(Supplied material Opens)

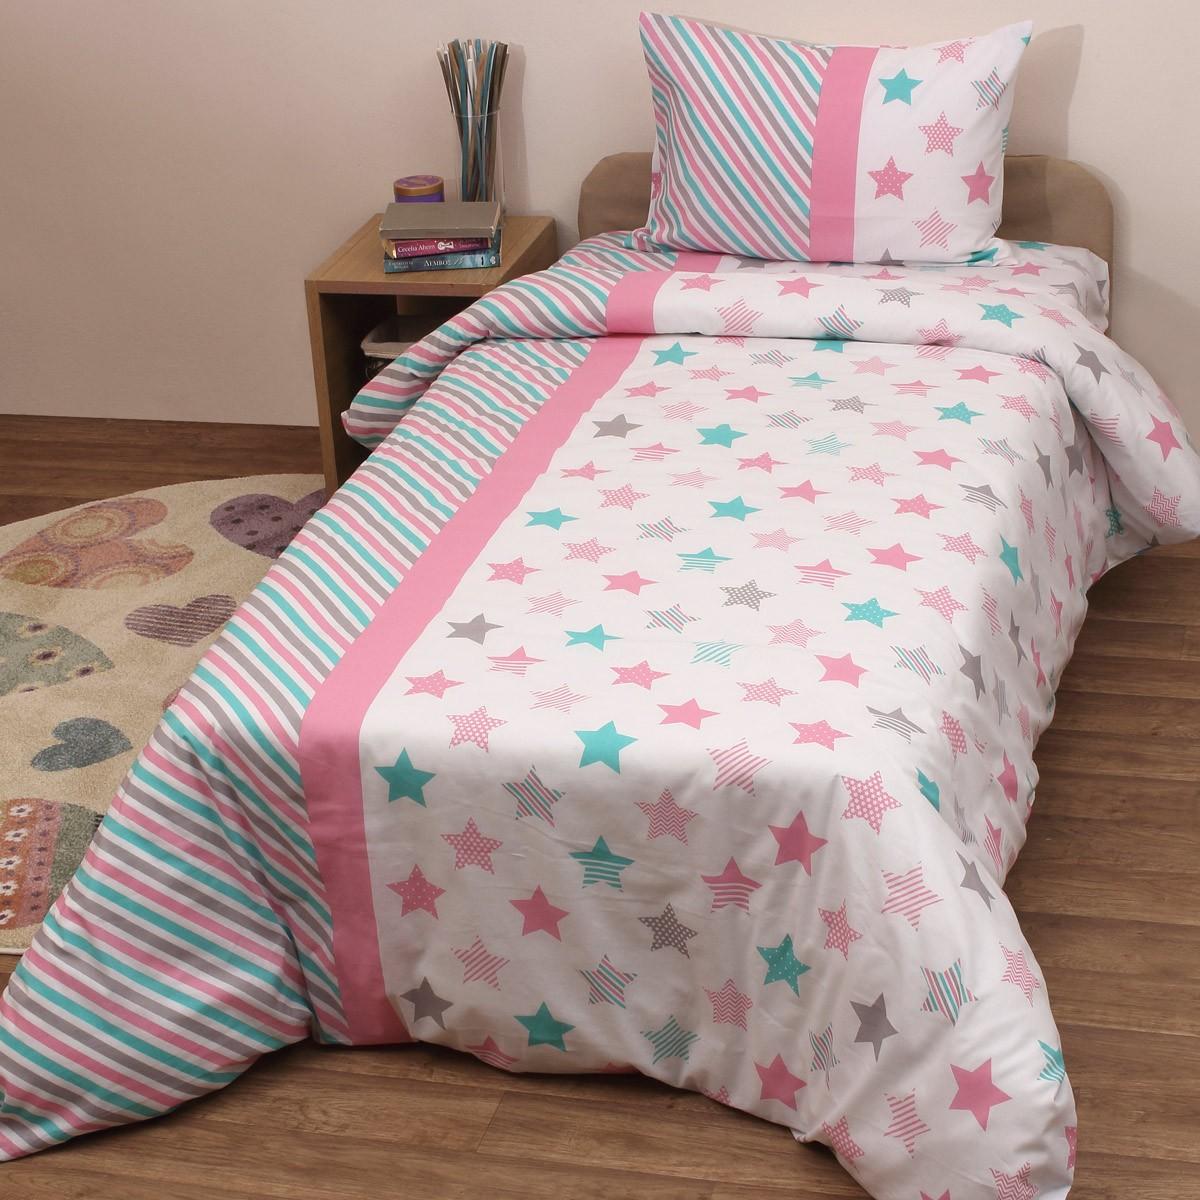 Κουβερλί Κούνιας (Σετ) Viopros Baby Cotton Άστρον Ροζ
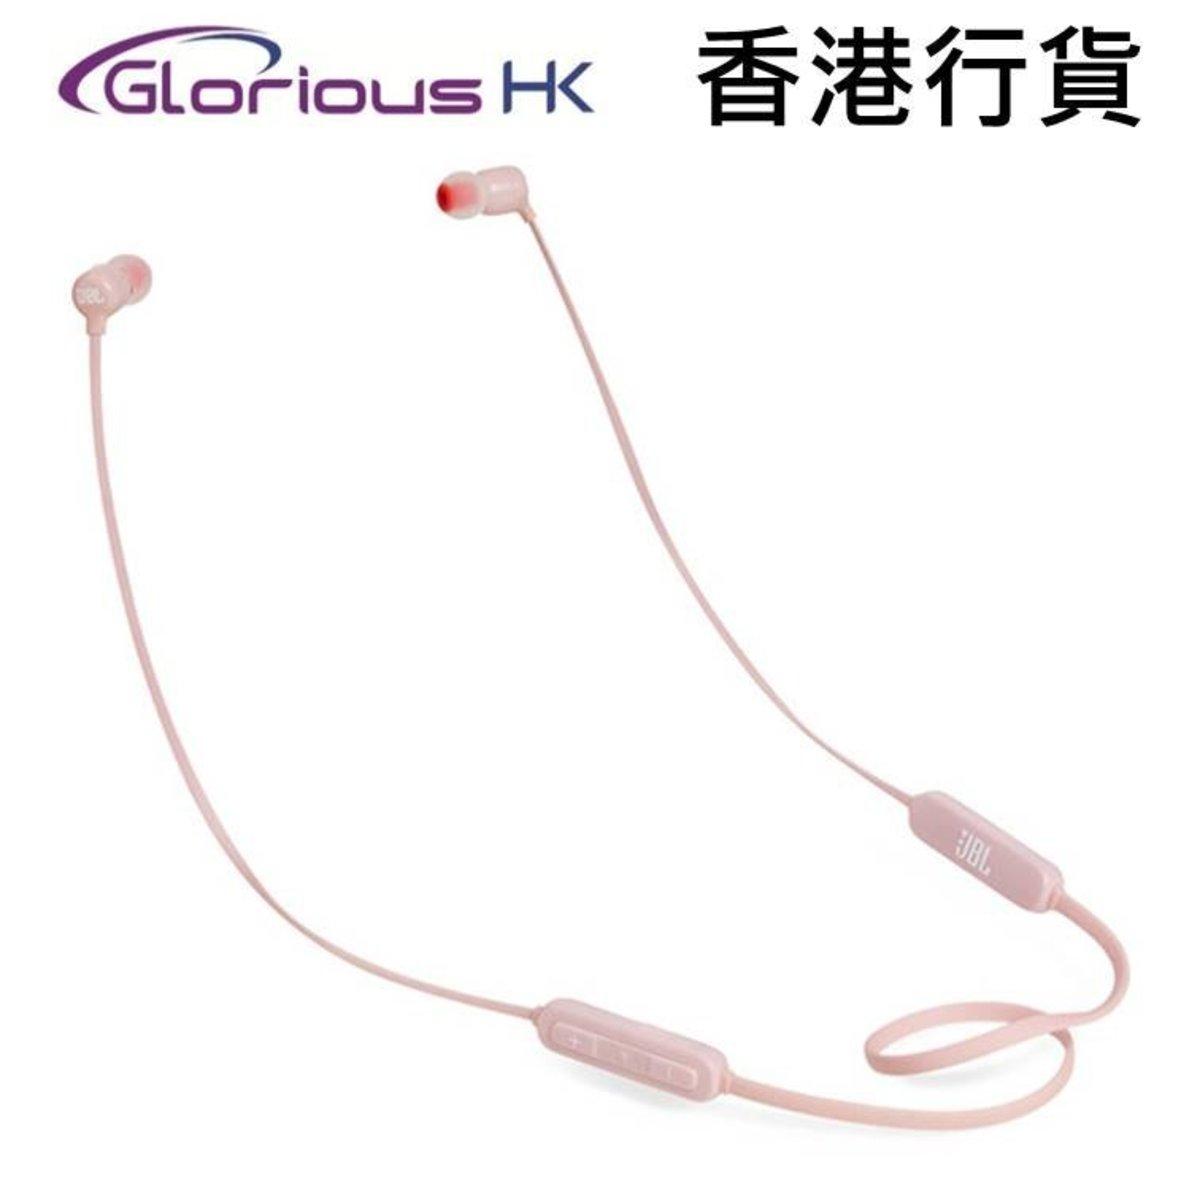 T110BT 無線入耳式耳機 粉紅色 香港行貨
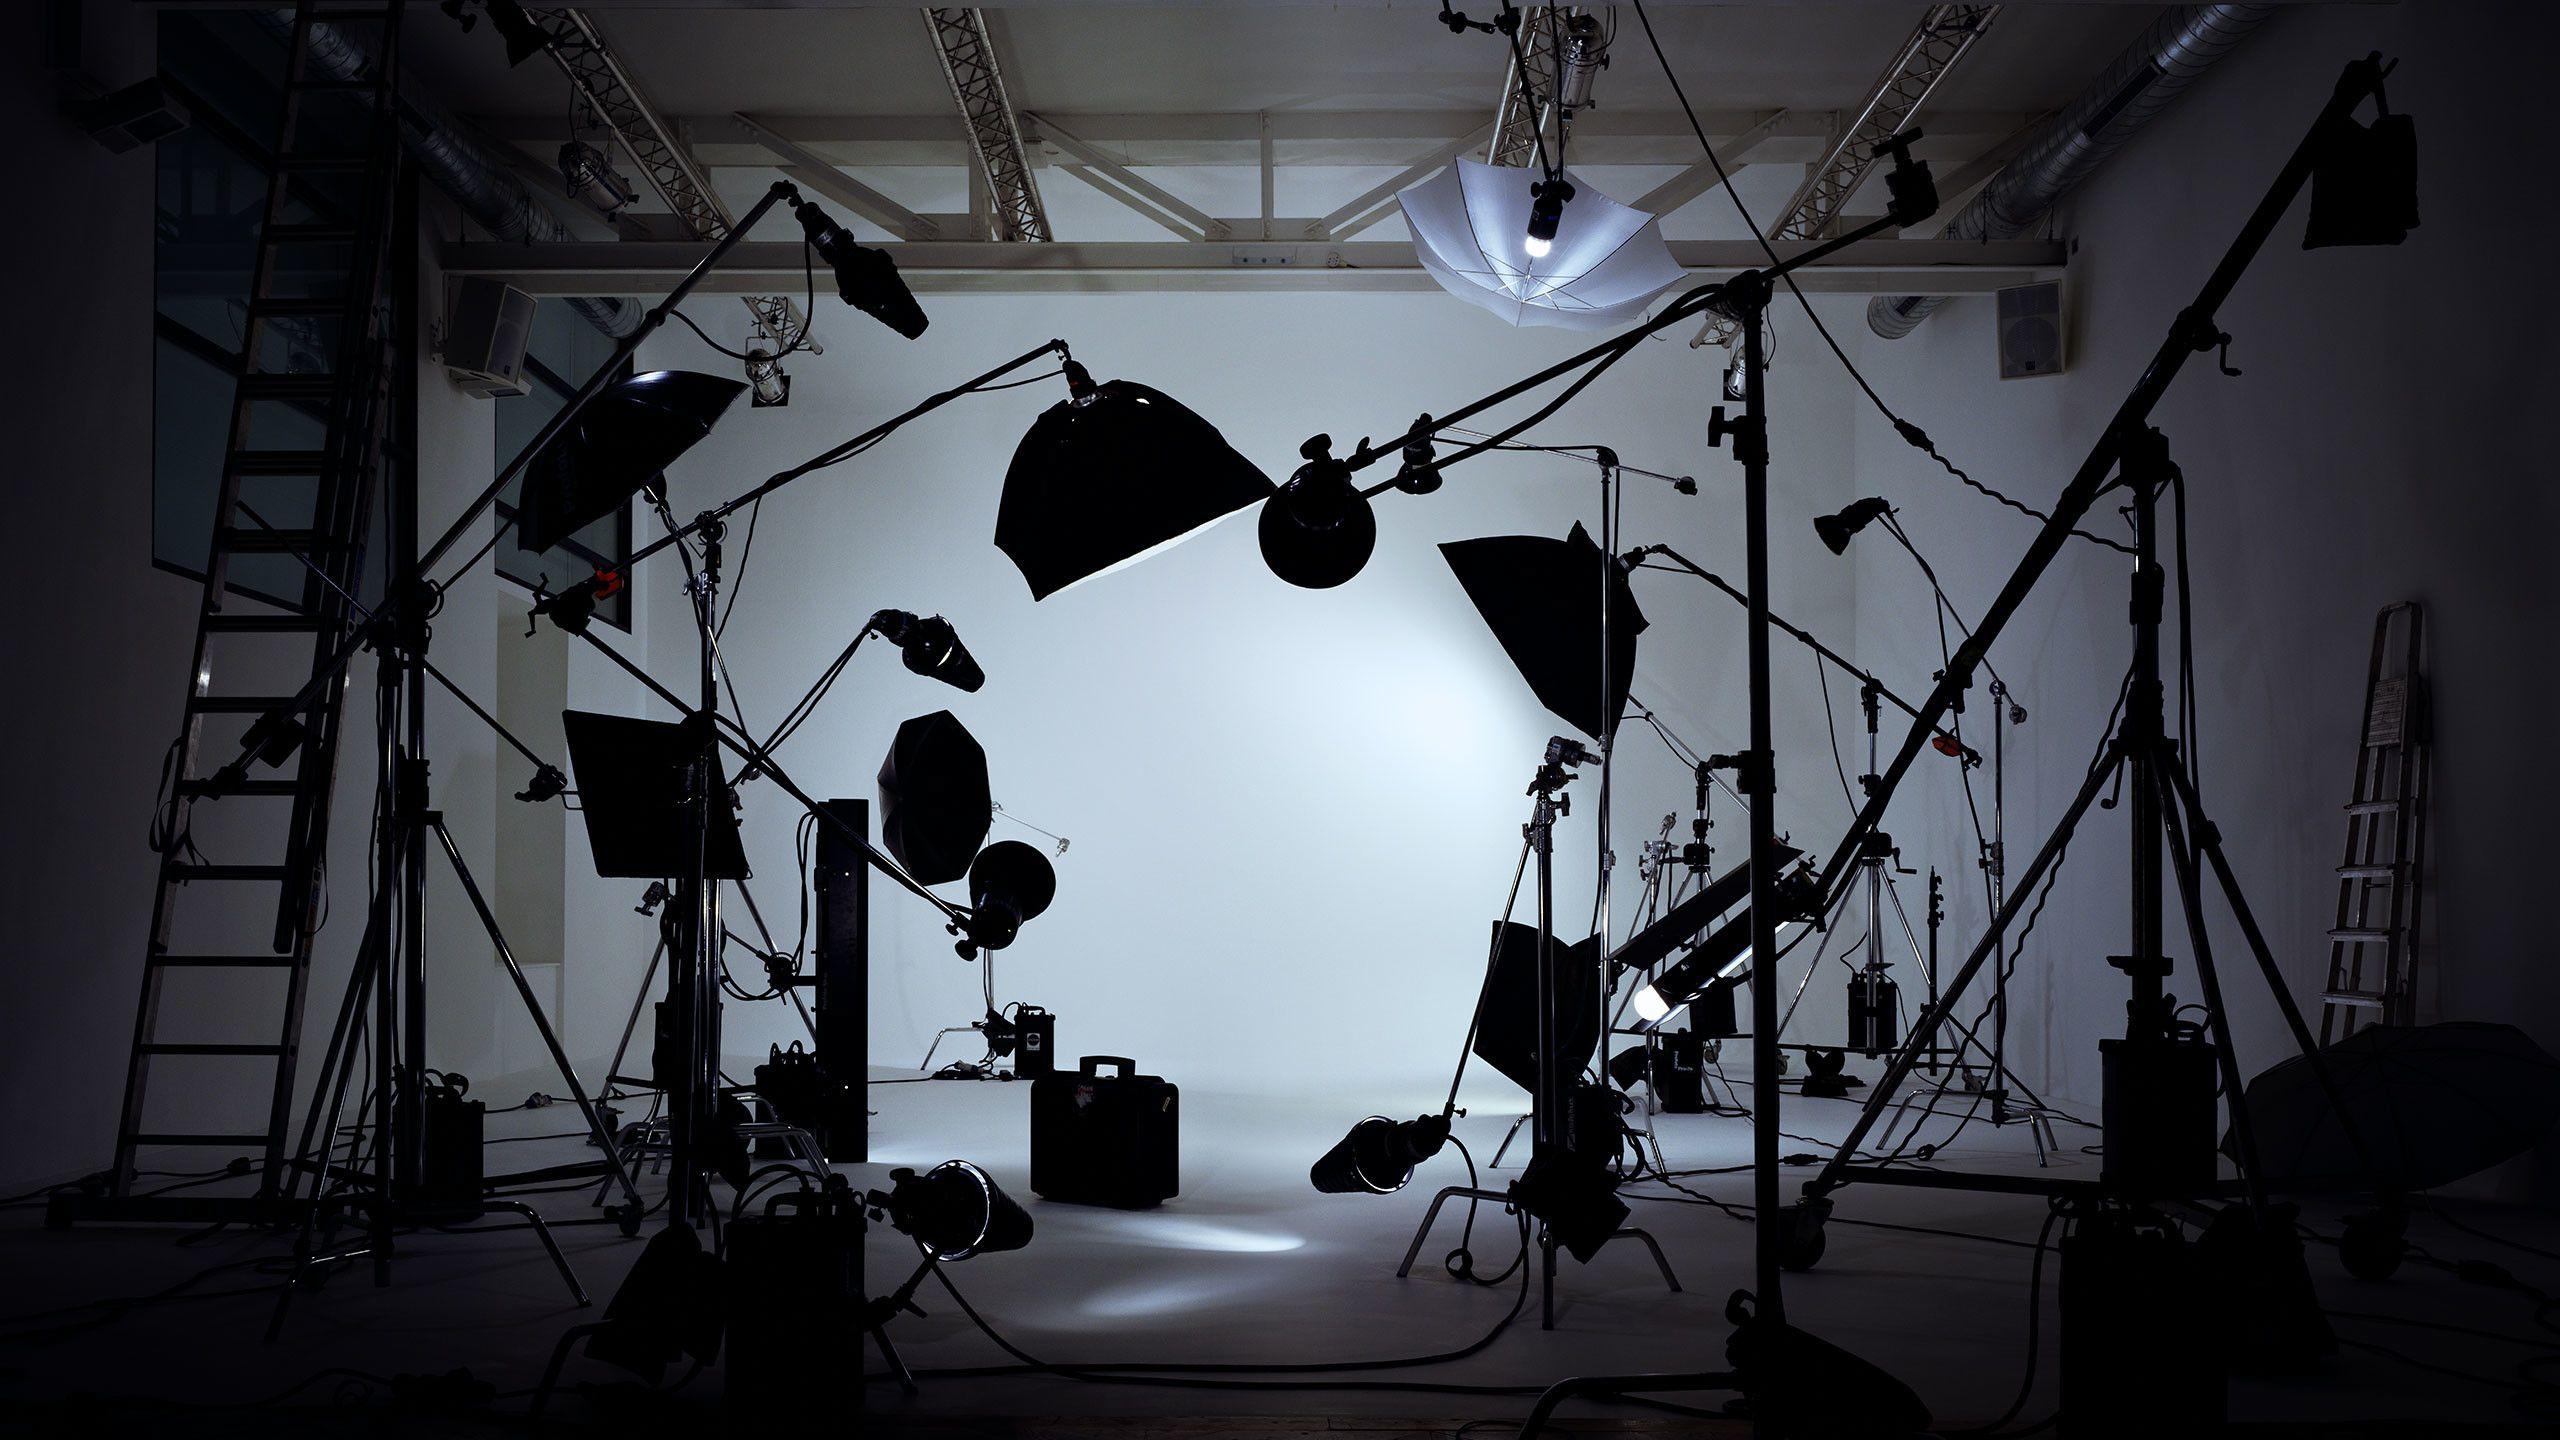 Film Studio Wallpapers   Top Film Studio Backgrounds 2560x1440

(Supplied material Closes)

Your assignment =>
Please, leaving out all pictures, transcribe exactly the lines above from the one containing "T110BT 無線入耳式耳機 粉紅色 香港行貨" through the final line, both included.

Answer box =>
 T110BT 無線入耳式耳機 粉紅色 香港行貨
 Film Studio Wallpapers   Top Film Studio Backgrounds 2560x1440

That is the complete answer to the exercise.